The situations where walkers perceived that mountain biking was `inappropriate' appear to represent a tendency to perceptually associate mountain biking with `motorised' activity groups. In the extensive research documenting perceived conflict between `motorised' and `non-motorised' groups, the differences in activity type represented fundamental differences in user characteristics, behaviour, motivations, preferences, and environmental attitudes. However, despite strong walker perceptions to the contrary, the differences arising between walkers and mountain bike riders were much more subtle. Associating mountain bike riders with the types of characteristics commonly associated with `motorised' users was misleading.

Another finding from this conflict research was that the recreation experiences of `non-motorised' types of users were more susceptible to disturbance than were those of `motorised' types of users. This reflected their different activity motivations and expectations. It appears that this situation exists for walkers, when considering how they feel about real or potential encounters with mountain bikes. There is also some suggestion that over time, as more actual experience of mountain bikes is achieved, some decrease of conflict perceptions does occur. However, research to date is insufficient to draw conclusions.

1.2.3 Demand for Recreation Settings and Experiences

Different activity motivations, and perceptions of the different motivations of other users, were considered to be very important in the development of recreation conflicts. However, almost no research on the characteristics, motivations and preferences of mountain bike riders has been done. When considering how to deal with mountain bike issues, and possible provision of opportunities for mountain biking, managers have had only anecdotal comments and observations to guide their judgements.

From the limited material available, it was apparent that mountain bike riders desired a variety of riding conditions. Important components often included riding in natural forested settings, experiencing scenery, and being challenged. There also appeared to be some variation in these preferences between riders with different levels of off-road riding experience.
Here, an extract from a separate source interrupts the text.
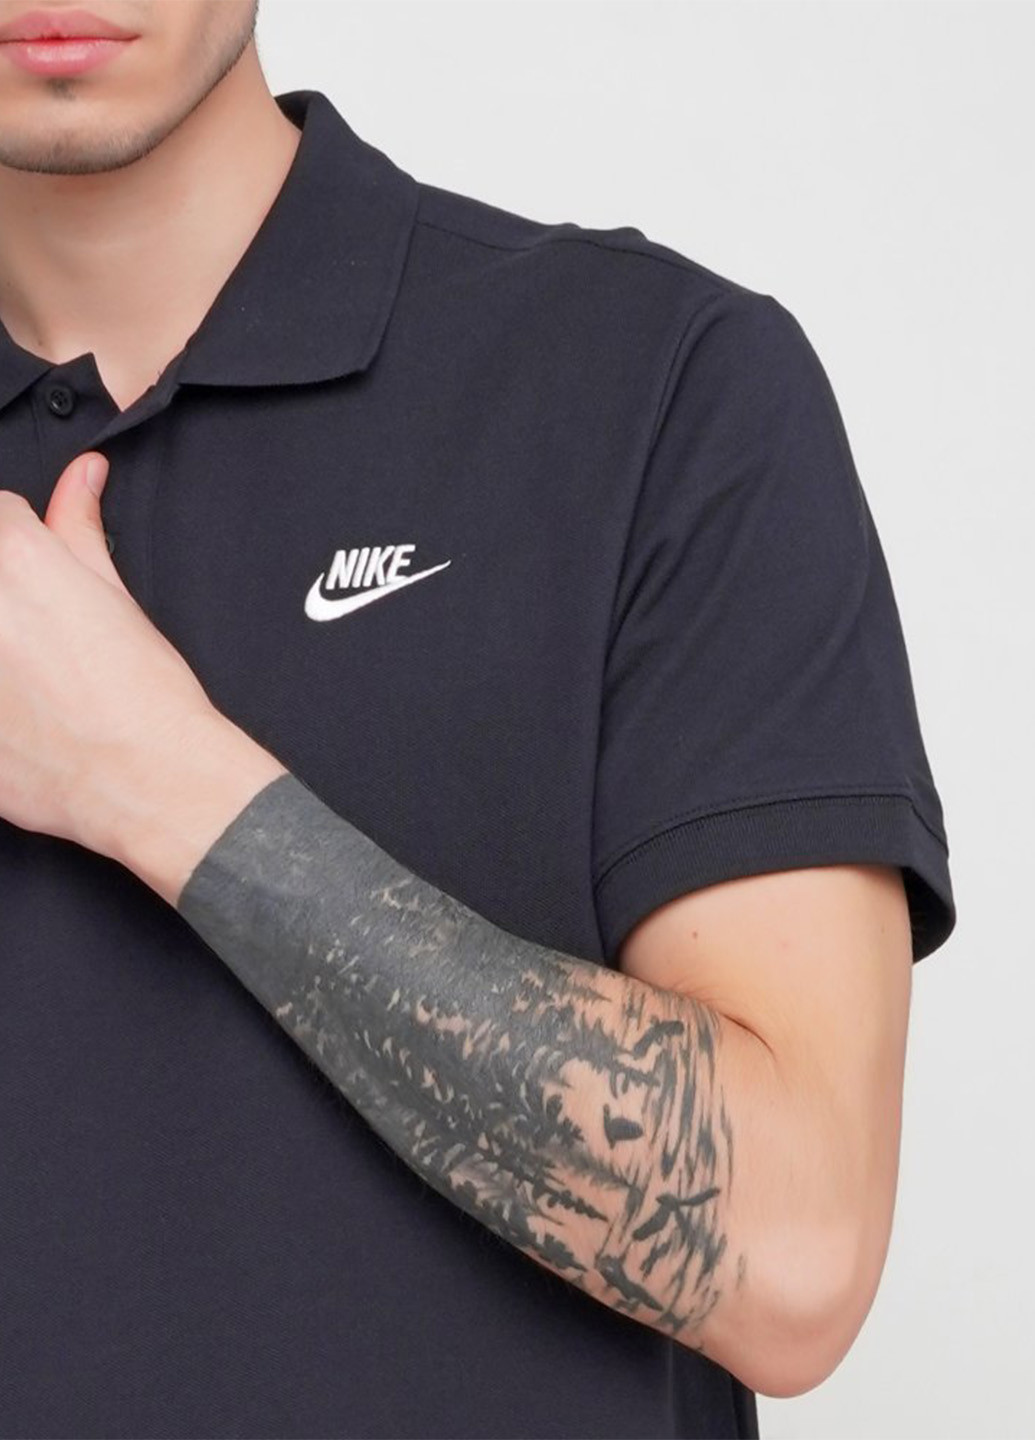 Черная футболка-поло для мужчин Nike с логотипом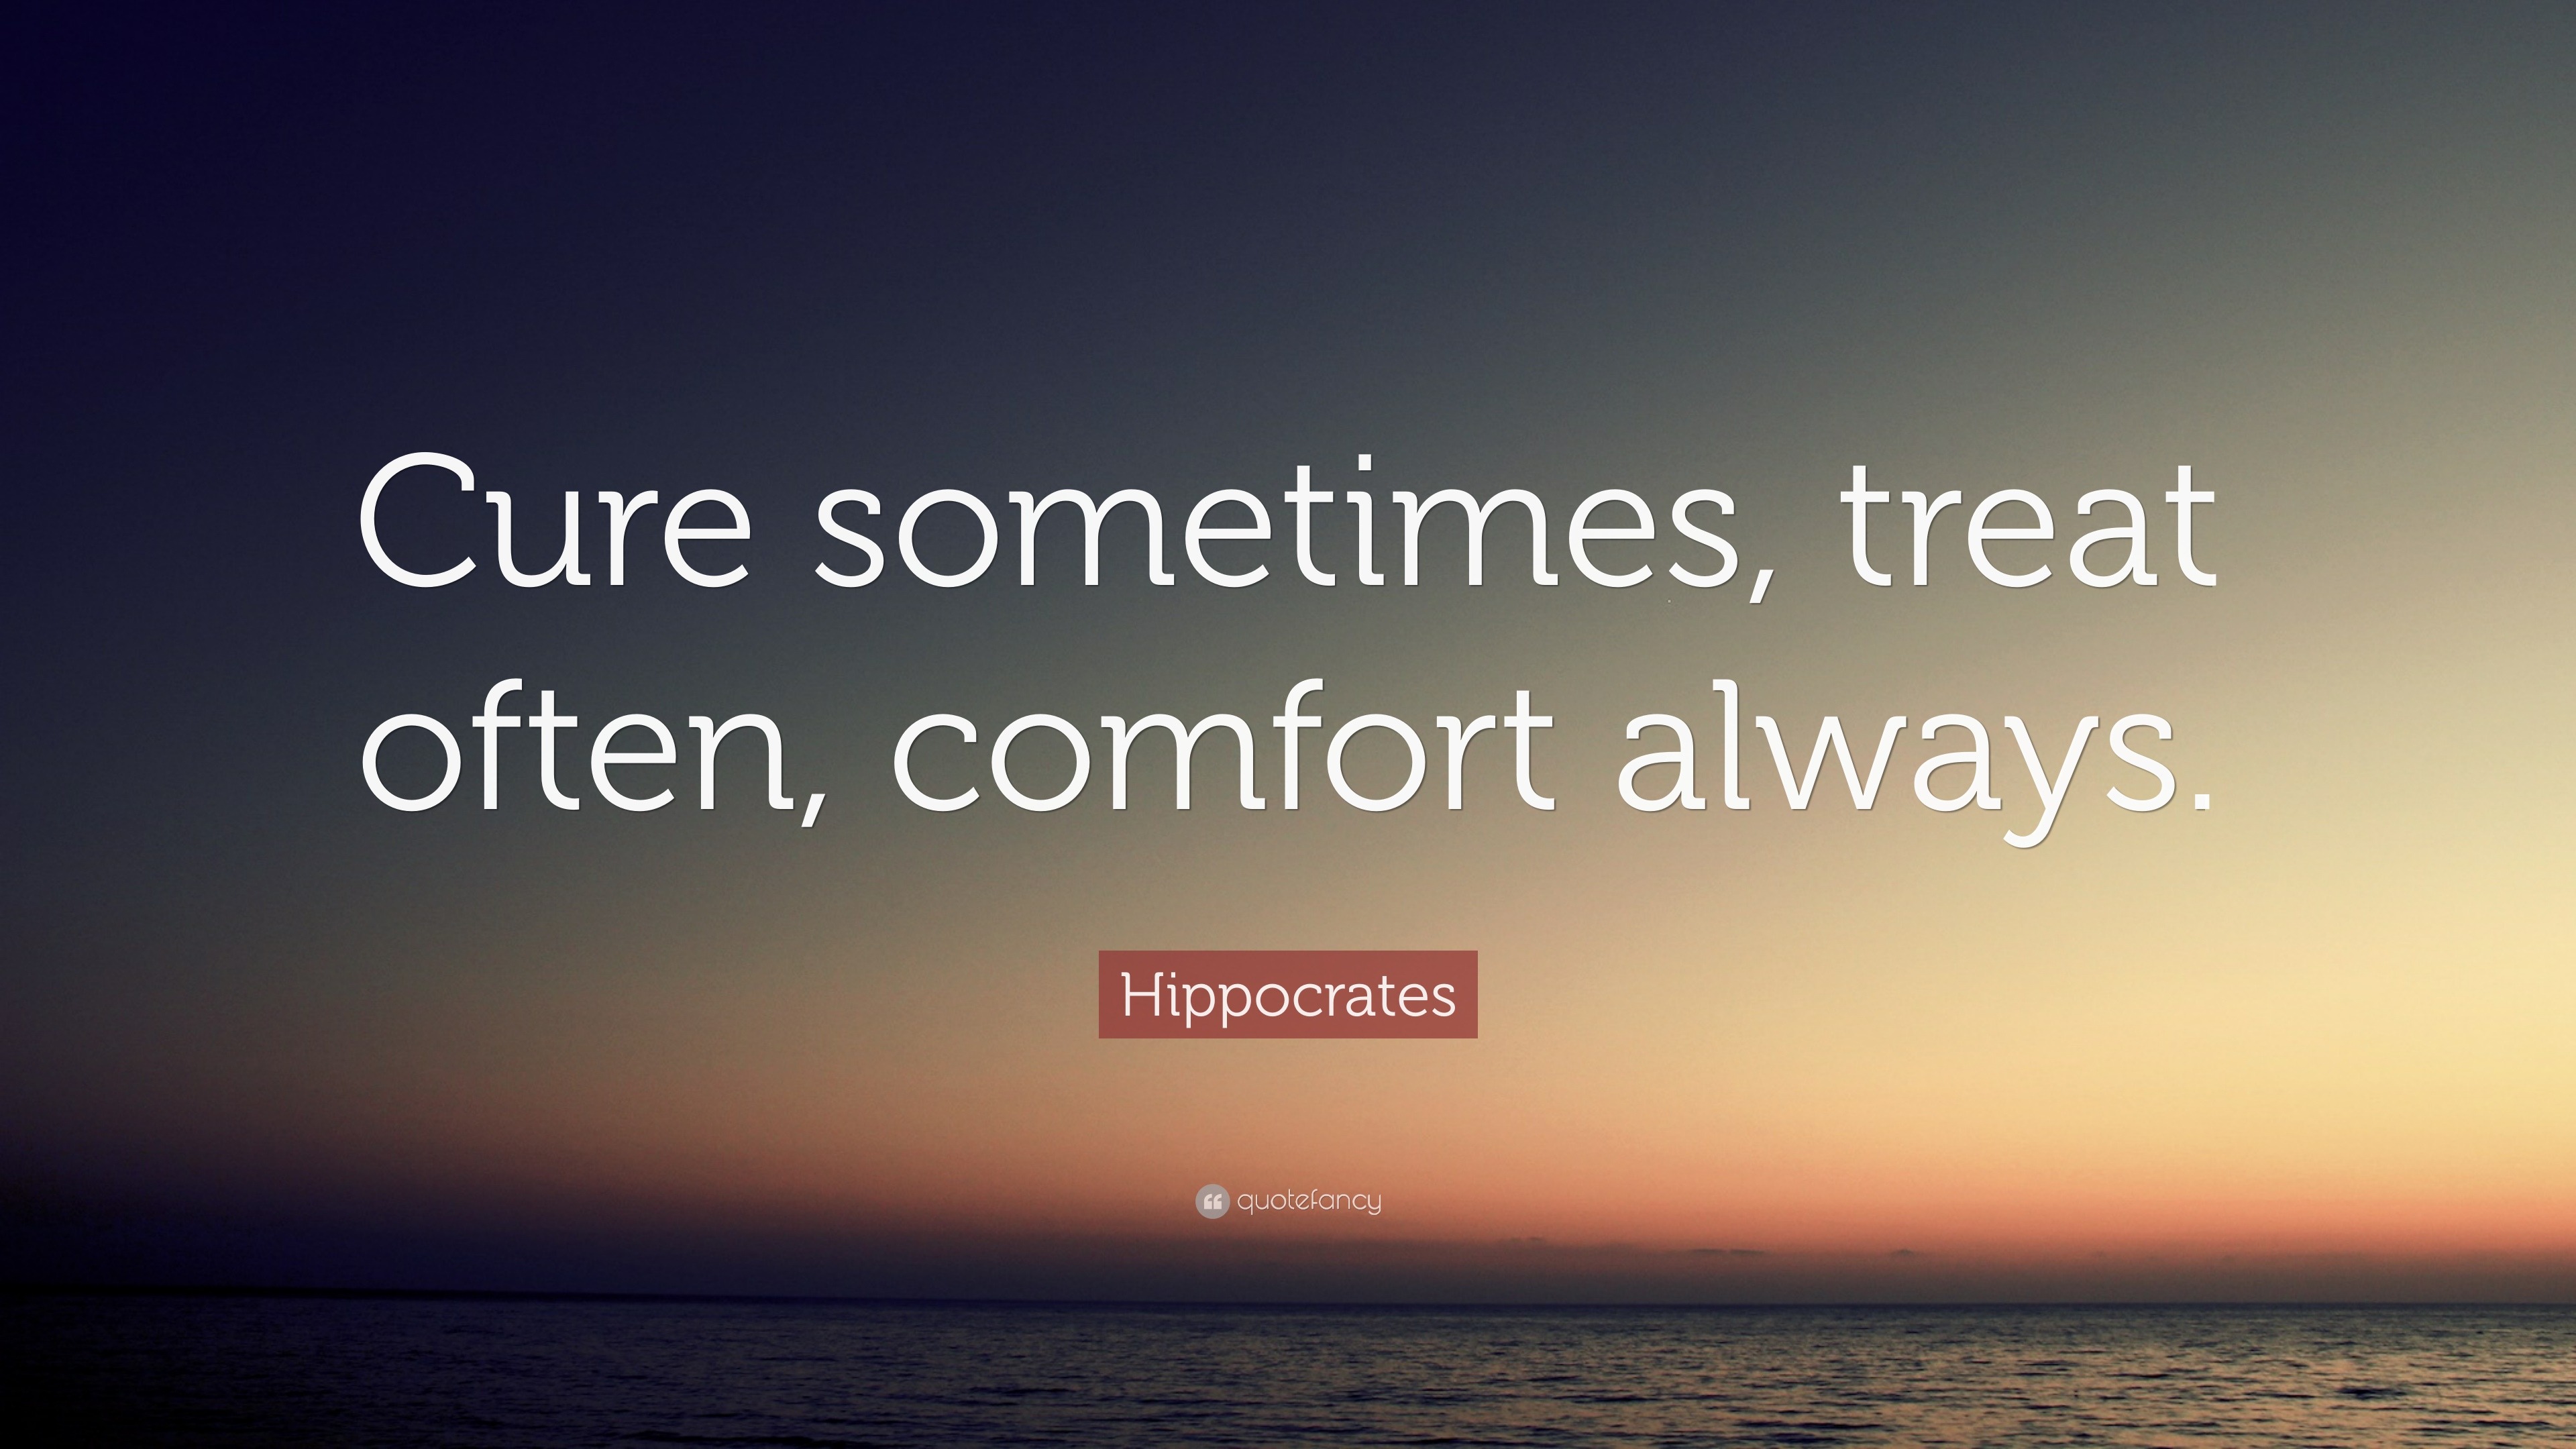 Hippocrates Quote: “Cure sometimes, treat often, comfort always.” (12

Given the importance attributed to the role of activity preferences in the development of recreation conflict, and the need for managers to have information on mountain biking demand, this study was directed at providing a comprehensive view of rider preferences for recreation settings and experiences. Assessment of social impacts was not the focus of this study as other work is currently underway for the Department (Horn, 1994), and this type of information is more readily available from other sources. Assessment of physical impacts was not addressed as it represents a different research field, and is likely to be included in general impact assessment work being considered by the Department.

1.3 Objectives of this study

The objectives of this study were to:

- provide a profile of mountain bike rider characteristics;

- describe their preferences for recreation settings and experiences;

- determine their attitudes toward key management issues; and

- make recommendations for management options and future research needs.

The results from addressing these questions are presented in Sections 3-5, with subsequent discussion and recommendations in Sections 6 and 7. Additional analyses are presented in the Appendices. It is anticipated that those with greater interest in any of these more detailed areas will refer to the appropriate appendix.